In March 2025, NIST released its finalized guidelines on adversarial machine learning in the form of the NIST Trustworthy and Responsible AI Report No. 100-2e2025. The report organizes concepts and defines terminology in the field of adversarial machine learning, and describes the key types of current machine learning methods, the life cycle stages of attacks, and attacker goals, objectives, capabilities, and knowledge. The report identifies current attacks in the life cycle of machine learning systems and describes methods for managing and mitigating the consequences of those attacks, where mitigation techniques exist.
Highly technical in nature and heavily footnoted, the report is intended for use by individuals and teams who are responsible for designing, developing, evaluating, deploying, and managing AI and AML systems and ensuring their integrity, privacy, and security. It is hoped that the report will influence other standards and future best practices for assessing and managing the security and privacy of AI and AML systems.
Following is a brief overview of the primary types of attacks on Predictive AI and Generative AI outlined in the NIST report.
Adversarial Attacks on Predictive AI
Three primary categories of attacks on predictive machine learning are evasion attacks, poisoning attacks, and privacy attacks. However, there are numerous sub-categories. For example, poisoning attacks may include data poisoning, targeted poisoning, backdoor poisoning, and clean-label poisoning.
Evasion Attacks. In these attacks, the hacker’s goal is to generate samples that can be reclassified to some arbitrary class determined by the attacker. In terms of image classification, for example, the change in the original sample might be undetectable to the human eye, but the machine learning model is tricked into placing it in the target class selected by the attacker, rather than the class in which it belongs.
Poisoning Attacks. Broadly defined, poisoning attacks are adversarial attacks during the training stage of the machine learning algorithm, during which hackers insert malicious or altered data into a training dataset to manipulate a model's learning and decision-making processes.
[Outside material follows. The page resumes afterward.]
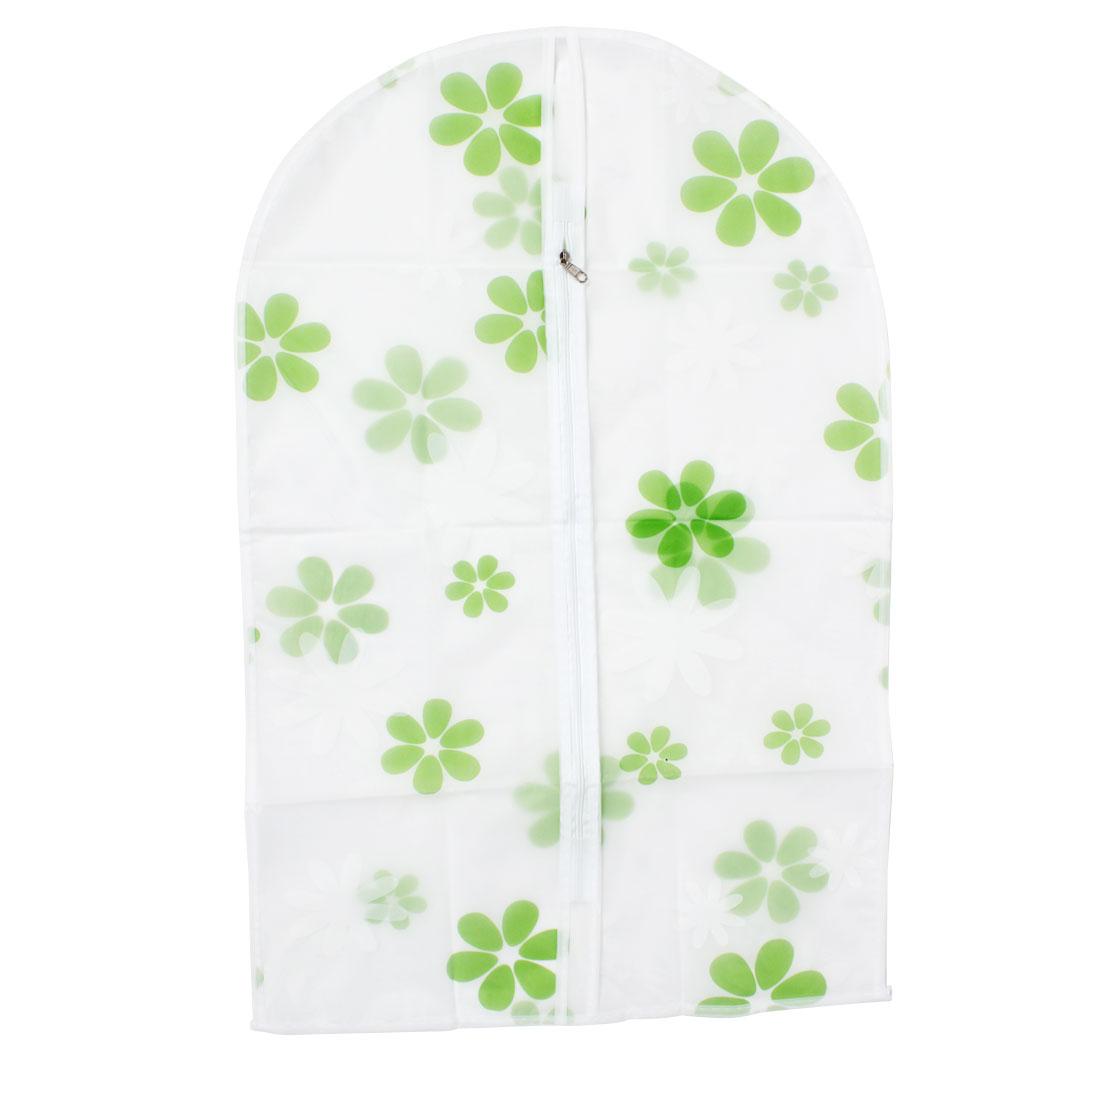 "Clothes Suit Dress PEVA Flower Pattern Zip Up Dustproof Cover Bag 27"" Length"
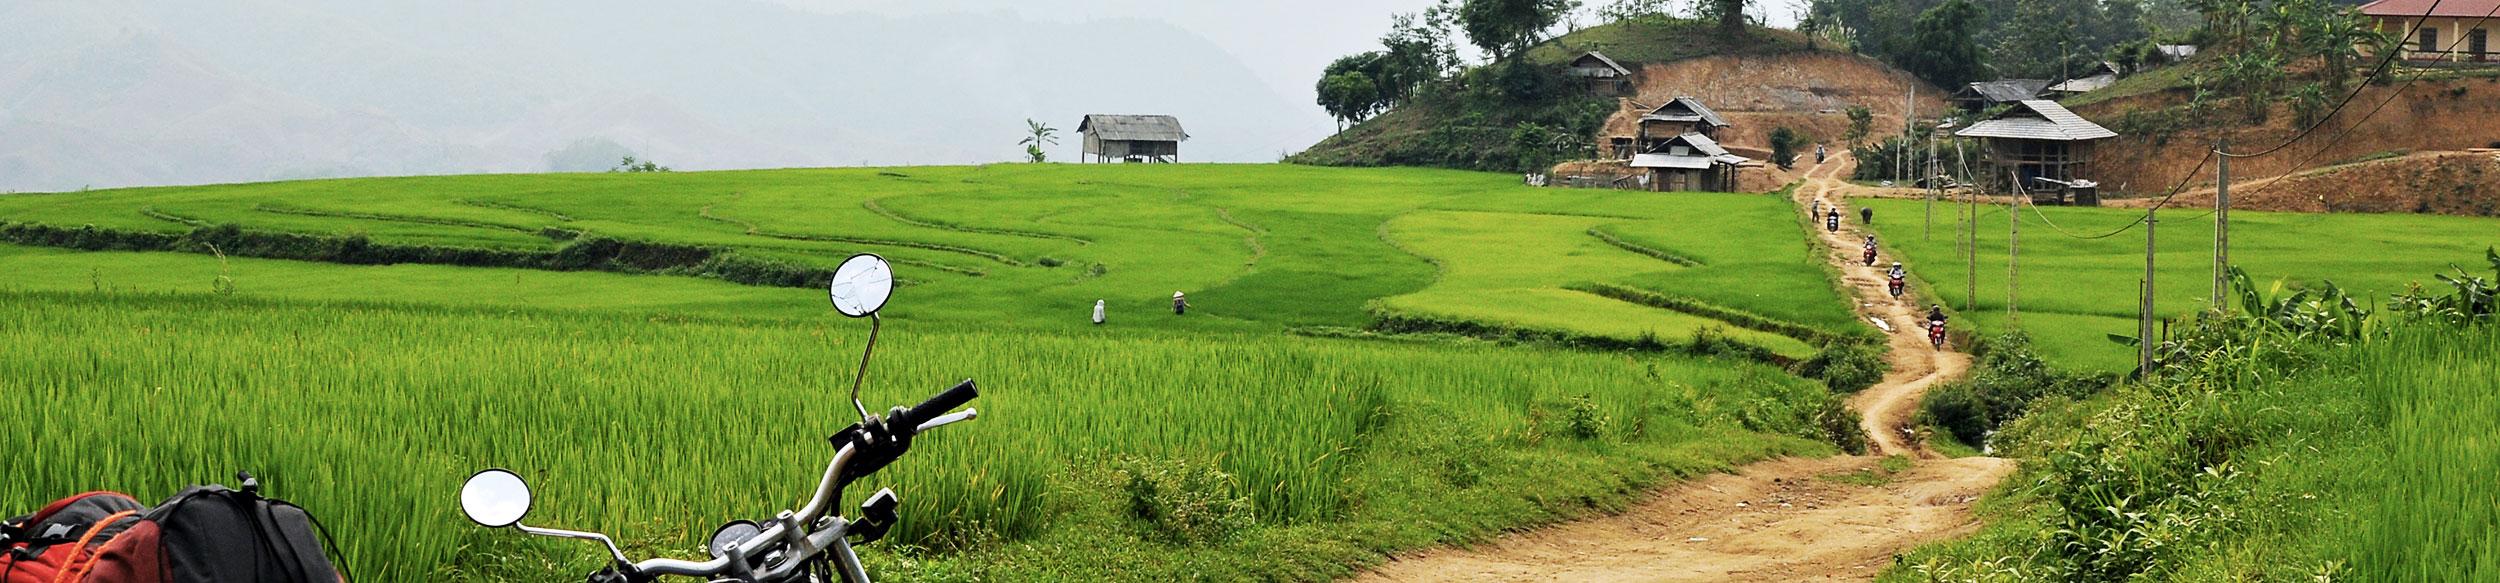 road trip à moto au nord Vietnam

Poisoning attacks are powerful and can cause indiscriminate damage to the machine learning model. They leverage a wide range of adversarial capabilities, such as data poisoning, model poisoning, label control, source code control, and test data control.
Privacy Attacks. These include data reconstruction, membership inference, property inference, and model extraction attacks. As one example, data reconstruction attacks and membership inference attacks are able to recover an individual’s private data from aggregate information.
Adversarial Attacks on Generative AI
Although many attack types in Predictive AI are also observed in Generative AI (such as data poisoning, model poisoning, and model extraction), recent research has also found adversarial machine learning attacks that are specific to Generative AI systems, according to the NIST report. The three categories of such attacks include supply chain attacks, direct prompting attacks, and indirect prompt injection attacks, as described below.
The NIST report offers 127 pages of insights into adversarial attacks and adversarial machine learning.
Summary
Adversarial machine learning is a rapidly emerging discipline driven by the objective of understanding how hackers can manipulate data to cause incorrect or undesired outcomes in machine learning applications. By exploring how attackers can exploit weaknesses in machine learning models, the emerging field of adversarial machine learning can help lead to solutions to address those weaknesses and other vulnerabilities being discovered.
Introducing more robust security into all stages of the machine learning life cycle is becoming increasingly important, and will enable those responsible for the design, development, implementation, and management of artificial intelligence and machine learning systems to continue to advance applications and identify new uses for these promising technologies.